These techniques were originally developed by Leonid Kanotorovich, a Soviet mathematician who was trying to solve the central planning problem. (You can read more about the history in slatestarscratchpad's mainblog post on Red Plenty, and even more if you go read the actual book).
Kantorovich's constraints were the inputs it takes to make each good (at each factory etc); and his objective function was...Uh, well, one of the fundamental problems of central planning is that it's not clear what you should be optimizing for. Kantorovich sidestepped this by actually starting with a fixed output and trying to minimize the amount of inputs necessary. This turns out to be equivalent, and we'll come back to this equivalence later.
(You might worry about whether the actual constraints in the real world are linear. The answer is probably "no, not really." Fortunately, we can generally get pretty good results by approximating non-linear functions by linear functions--this is in fact the main point of derivatives, see my post on linear functions for more. It is true that this only works as long as we stay away from extreme edge cases, but under the quite reasonable assumption that we don't want to devote our entire economy to making men's shoes, size nine, gray, this probably isn't too big a problem).
These techniques are currently used by almost every big logistical organization: FedEx, for instance, has a massive army of people using these and related techniques to optimize their shipping organization. So while the original goal of "saving the Soviet Union's economic planning" didn't really work out, the techniques do have tremendous practical applications. After all, a corporation is just a planned economy with a potentially well-defined objective function.
So how does linear optimization work? Let's start by drawing some simple pictures. Suppose we have an economy that can produce either guns or butter--
Actually, no, wait, that's boring. Suppose you run a company that makes two products: board game versions of Tetris and Rubik's cubes that deliver electric shocks to their users. (No, I don't know why you would make and sell either of those things. Or who's buying them from you. It's your company, you tell me). And suppose you make \$5 of profit for each pointless board game and \$3 of profit for every dangerous math toy.
Your objective, presumably, is to maximize profit. We can write $T$ for the number of tetris games you make, and $R$ for the number of Rubik's Cubes you make. So your objective function is $f(T,R) = 5T + 3R$, and we can check that this is a linear function. (Note: the function stops being linear if you assume the amount you make has an effect on the price, so these techniques are most useful when no one manufacturer is a monopolist or anything).

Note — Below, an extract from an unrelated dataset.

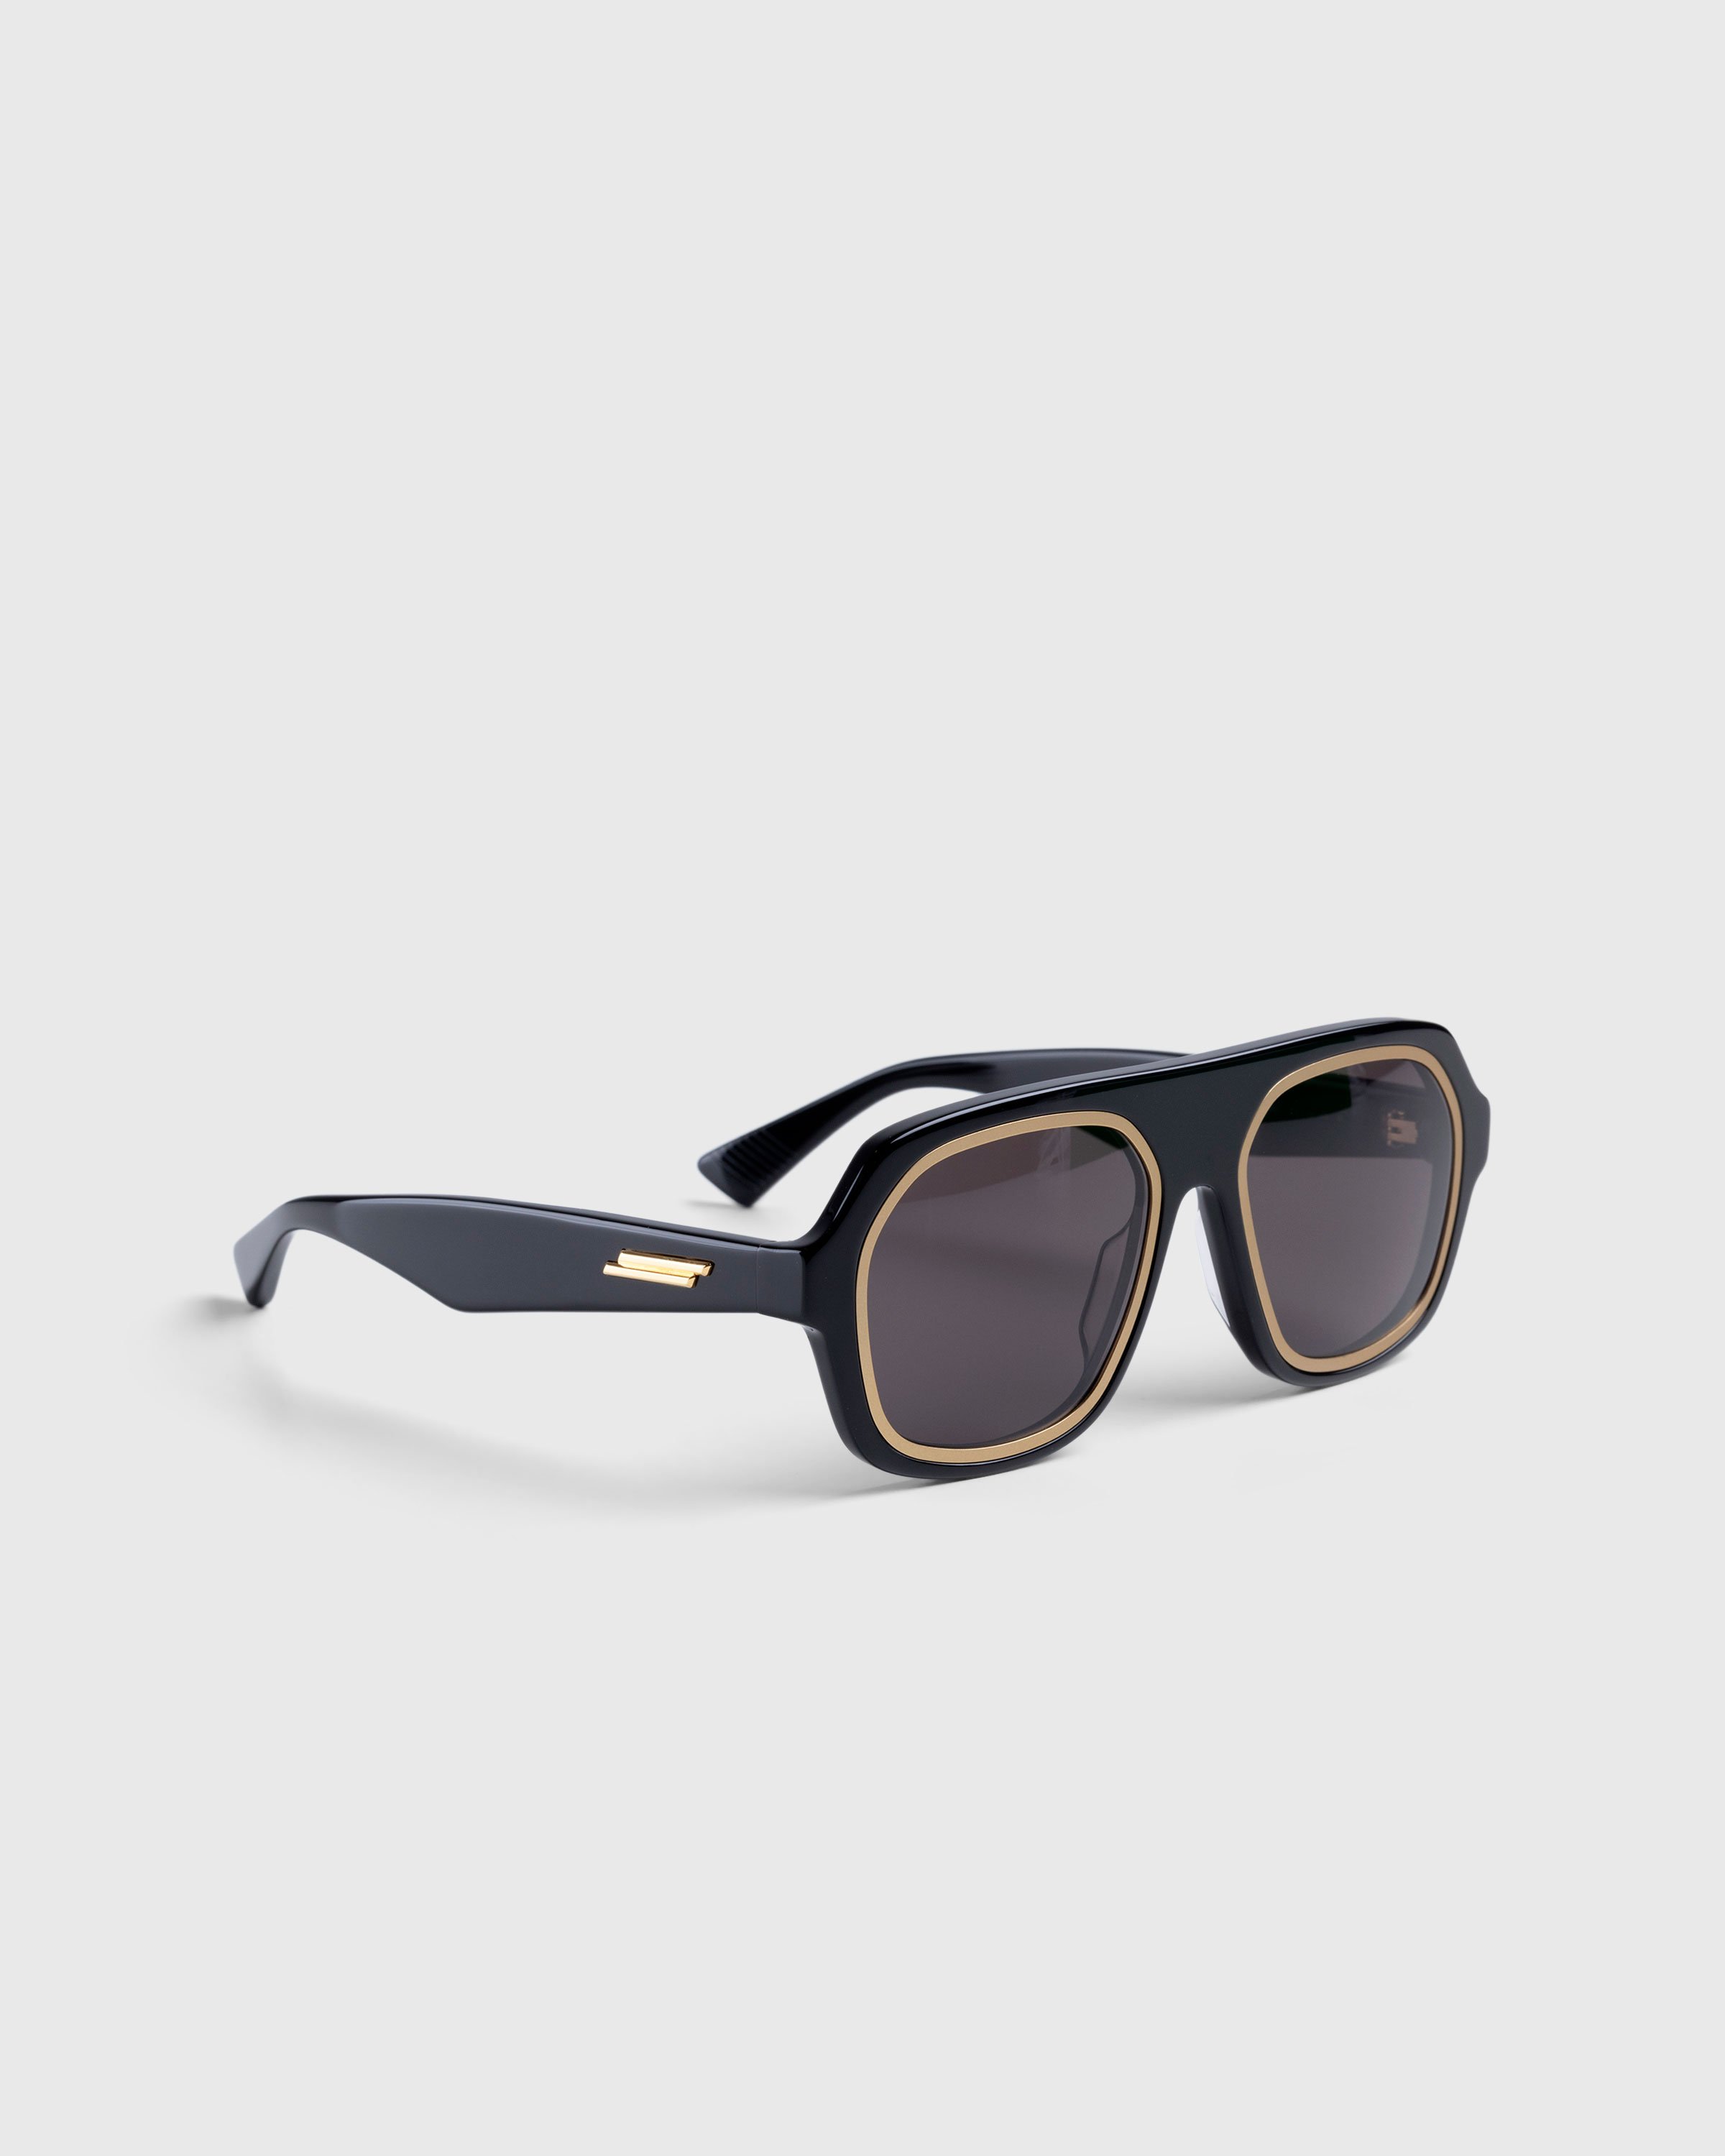 Bottega Veneta - Rim Aviator Sunglasses Black - Accessories - Black - Image 2

But with just this information, you obviously maximize your profit by making "as many toys as possible." In order for the question to be interesting, we need some constraints. First of all, you (sadly for everyone else) can't make negative toys, so we have $T \geq 0$ and $R \geq 0$. Then let's say that you can make at most a hundred stupid tchotchkes a month. We can render this with the constraint equation $T + R \leq 100$. At this point the problem is still easy--the Tetris game is more profitable than the Rubik's cube, so we should make 100 of the Tetris games for a total profit of $500.
So let's add another constraint. Maybe both toys require a certain amount of plastic, and it's hard to find sufficiently low-quality plastic so you can only get 300 ounces a month. The Tetris game takes 4 ounces of plastic to make, and the Rubik's cube only takes two ounces. We have a second constraint, now, that $4 T + 2 R \leq 300$. At this point you can probably still solve the problem in your head. We want to make as many Tetris games as possible, so what's the most we can make? A little experimentation or calculus will show that you can make fifty Tetris board games and fifty electrified Rubik's cubes, and we get a total profit of $f(50,50) = 5\cdot 50 + 3 \cdot 50 = 400$ dollars.
Let's add one more contstraint. You probably don't want to work more than, say, 55 hours a month, and it takes forty minutes to make a Tetris game and only thirty to make a Rubik's cube. This gives us a third constraint, which is that $40T + 30 R \leq 3300$. And now this is hard to think about in our heads. (I don't know what the answer is yet). So we need some tools.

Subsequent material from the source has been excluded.